▸ **MATERIAL SUPPLIED**:
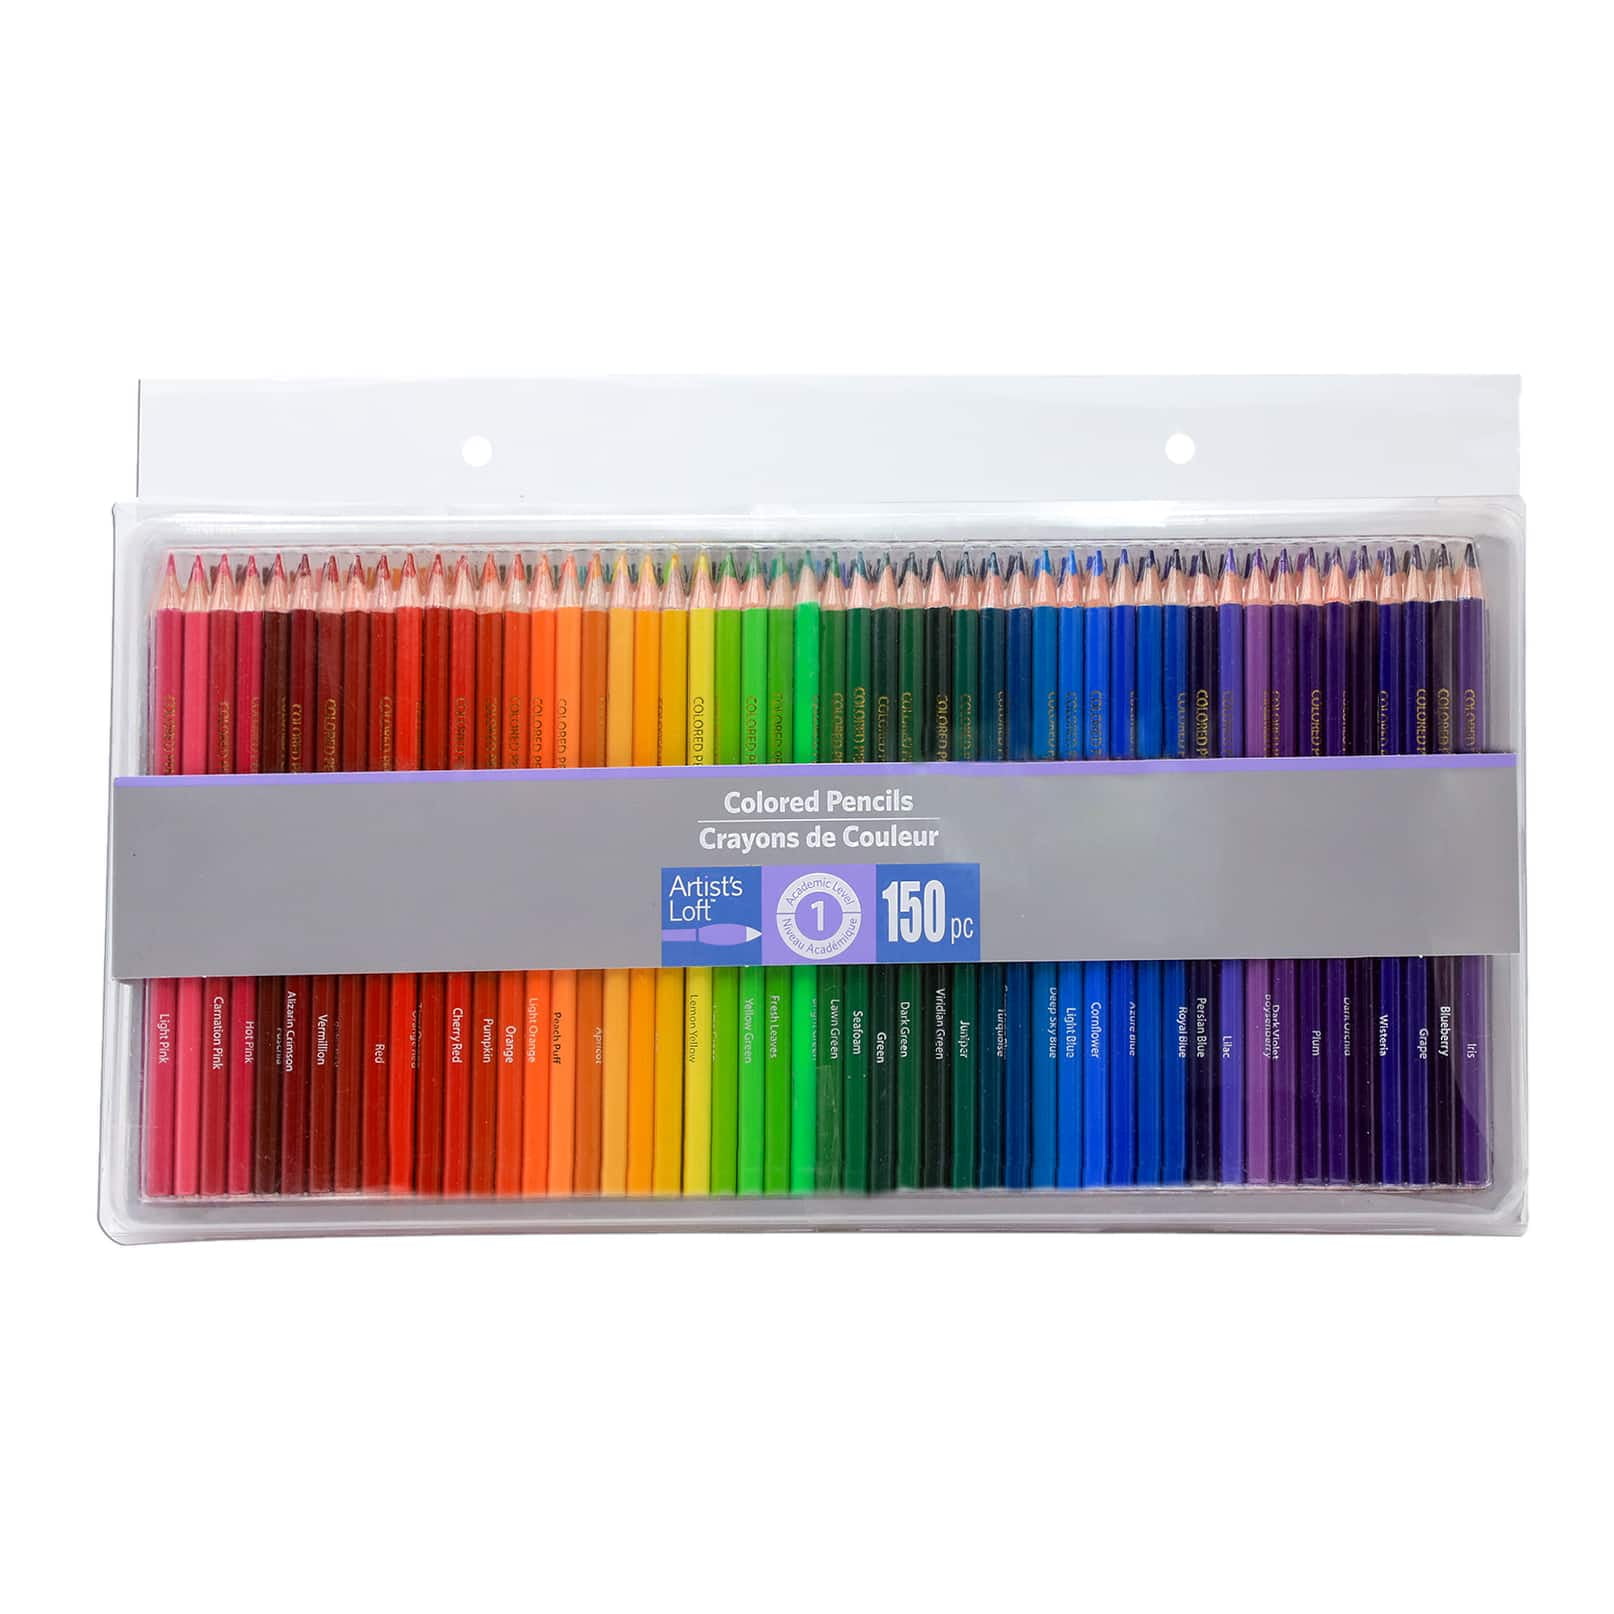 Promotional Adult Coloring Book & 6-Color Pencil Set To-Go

---

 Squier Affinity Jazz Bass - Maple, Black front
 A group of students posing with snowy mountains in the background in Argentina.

▸ **ASSIGNMENT**: Lines wanted from the listing above: the line with "Squier Affinity Jazz" up to and including the line with "A group of students". Please write them out exactly, adding nothing else.

▸ **RESULT**:
 Squier Affinity Jazz Bass - Maple, Black front
 A group of students posing with snowy mountains in the background in Argentina.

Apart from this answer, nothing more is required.